I have only dumped 2 1/2 batches. One was an experiment for a very high alcohol content beer. It ended up extremely sweet even after trying champagne yeast. I used 1/2 of it for cooking. Another was a 3 gallon batch, I don't know what went wrong with that one. After a couple of month it looked like pea soup. I couldn't get over the look and never even tasted it. The last one was neglected while preparing for my move. It was in primary for almost a year and I decided to dump it rather that transporting it in bottles, or even taking the time to bottle it.

Haha! Pea soup...yuck!! How'd you use the high alcohol for cooking...marinades? I think I would have been too curious to find out what a year old primary would taste like ;-)
I'm eager to start kegging, I still haven't made the jump and investment though... But every time I bottle up a batch...I get one BIG step closer!
 
Haha! Pea soup...yuck!! How'd you use the high alcohol for cooking...marinades? I think I would have been too curious to find out what a year old primary would taste like ;-)
I'm eager to start kegging, I still haven't made the jump and investment though... But every time I bottle up a batch...I get one BIG step closer!

I used the one for cooking mostly in beer bread. I should have at least tasted the one that sat....

Even when kegging there were beers that got bottled. One was a Russian Imperial Stout. It aged beautifully in bottles. It took six months to mellow out nicely, then almost 2 years before I drank them all.
 
I used the one for cooking mostly in beer bread. I should have at least tasted the one that sat....

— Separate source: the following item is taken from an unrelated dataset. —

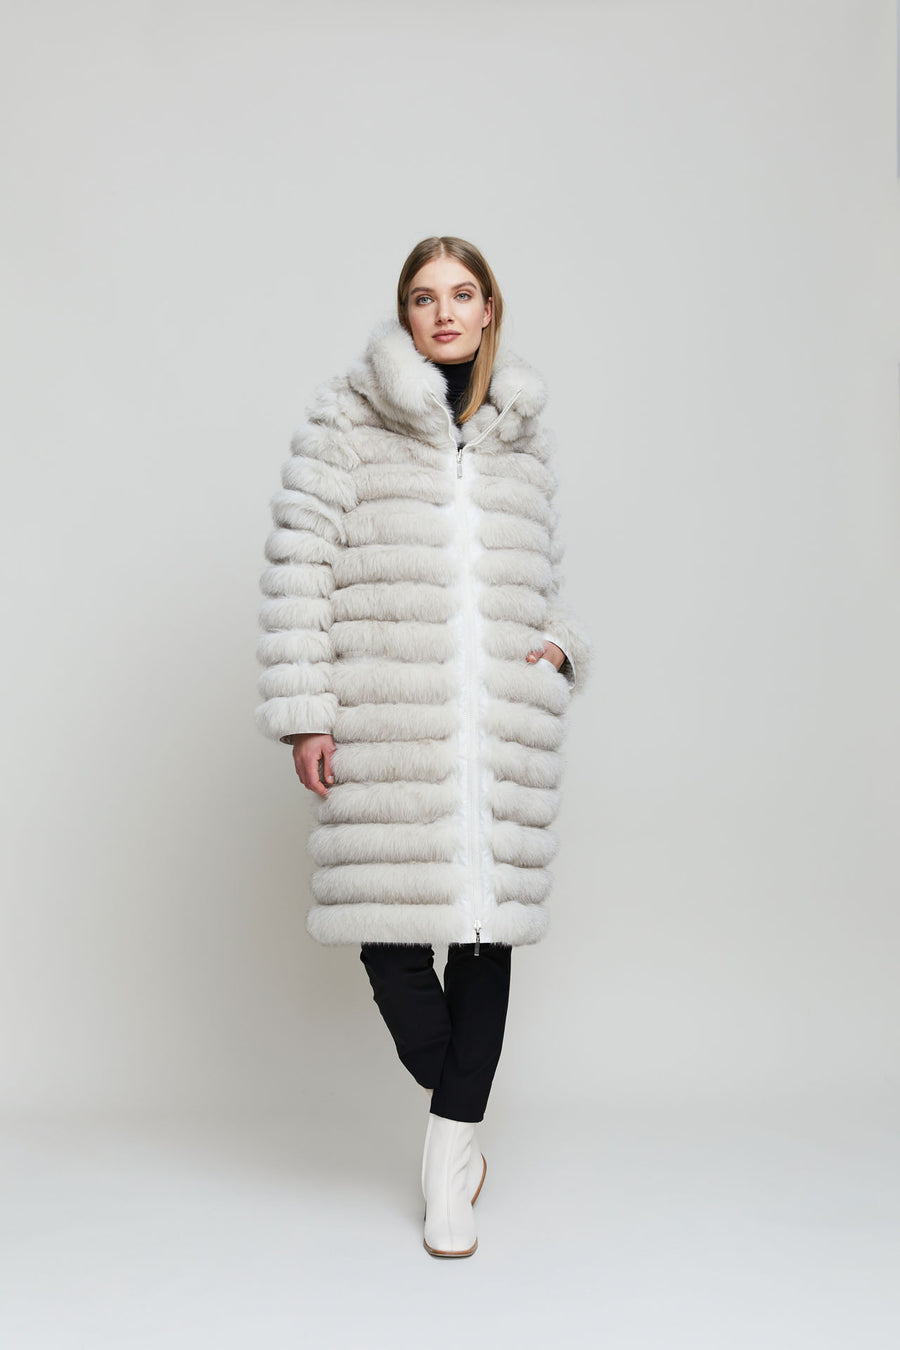 A reversible fox fur coat, that on one side resembles a padded coat, and on the other side is a fur coat with a rounded back, giving the coat a contemporary look
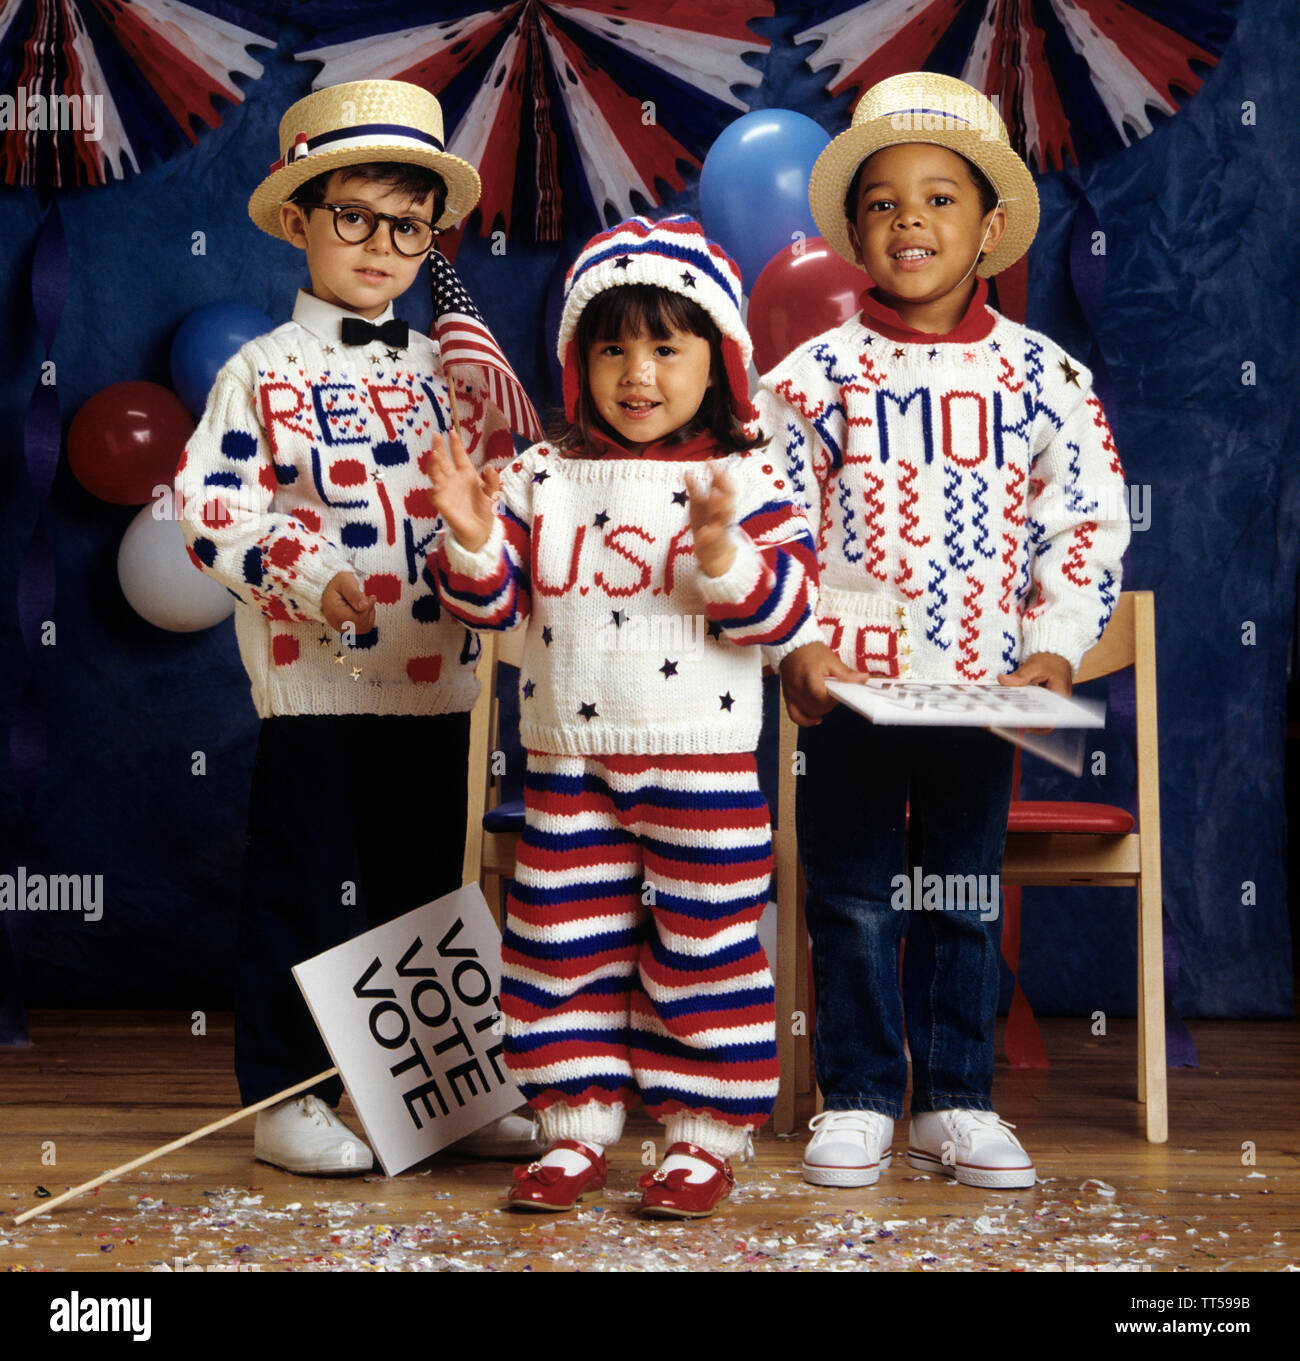 Three children dressed in knitted clothes to get out the vote Stock Photo

Even when kegging there were beers that got bottled. One was a Russian Imperial Stout. It aged beautifully in bottles. It took six months to mellow out nicely, then almost 2 years before I drank them all.

Beer bread?! ...you just found me my next google topic! [emoji481] [emoji506]
...you're a patient person...taking two years to drink those stouts!
 
Beer bread?! ...you just found me my next google topic! [emoji481] [emoji506]
...you're a patient person...taking two years to drink those stouts!

They were over 10% ABV so only one a night and not every night. Remember that I only sampled a couple out of 50 bottles before 6 months had passed. And that was after about two months fermenting and bulk aging. So I really only drank them over the period of just over one year.

That, and I had quite a few batches brewed during that time. So I was no where near depriving myself.
 
Have some grains and a Barley Crusher that arrives Thursday (same day as the 2nd ferment starts). I'm already having more fun than human beings should be allowed to have.

this is an epic thread! couldn't even finish it without getting tired. But had to chime in on this, and having more fun than allowed. It's like hebrew national, "We answer to a higher power!"
 
this is an epic thread! couldn't even finish it without getting tired. But had to chime in on this, and having more fun than allowed. It's like hebrew national, "We answer to a higher power!"

Unfortunately, Amazon let me down a little. It's not a Barley Crusher but a clone that looks very similar. An Evill Twin from The Vintage Shop. Amazon listed it as Barley Crusher with Northern Brewer as the seller, but did some hocus pocus and switched it up. It has very mixed reviews (some of which are 1s just because it wasn't as advertised). Going to crush some grains today for a 1 Gallon brew and see how it goes.
 
Unfortunately, Amazon let me down a little. It's not a Barley Crusher but a clone that looks very similar. An Evill Twin from The Vintage Shop. Amazon listed it as Barley Crusher with Northern Brewer as the seller, but did some hocus pocus and switched it up. It has very mixed reviews (some of which are 1s just because it wasn't as advertised). Going to crush some grains today for a 1 Gallon brew and see how it goes.

Return it and buy a Cereal Killer from either Adventures in Homebrewing or Austin Homebrew supply. They probably did you a favor, more and more are reporting that the Barley Crusher is junk. There is supposed to be a lifetime warranty, but getting it serviced has been a big problem for most.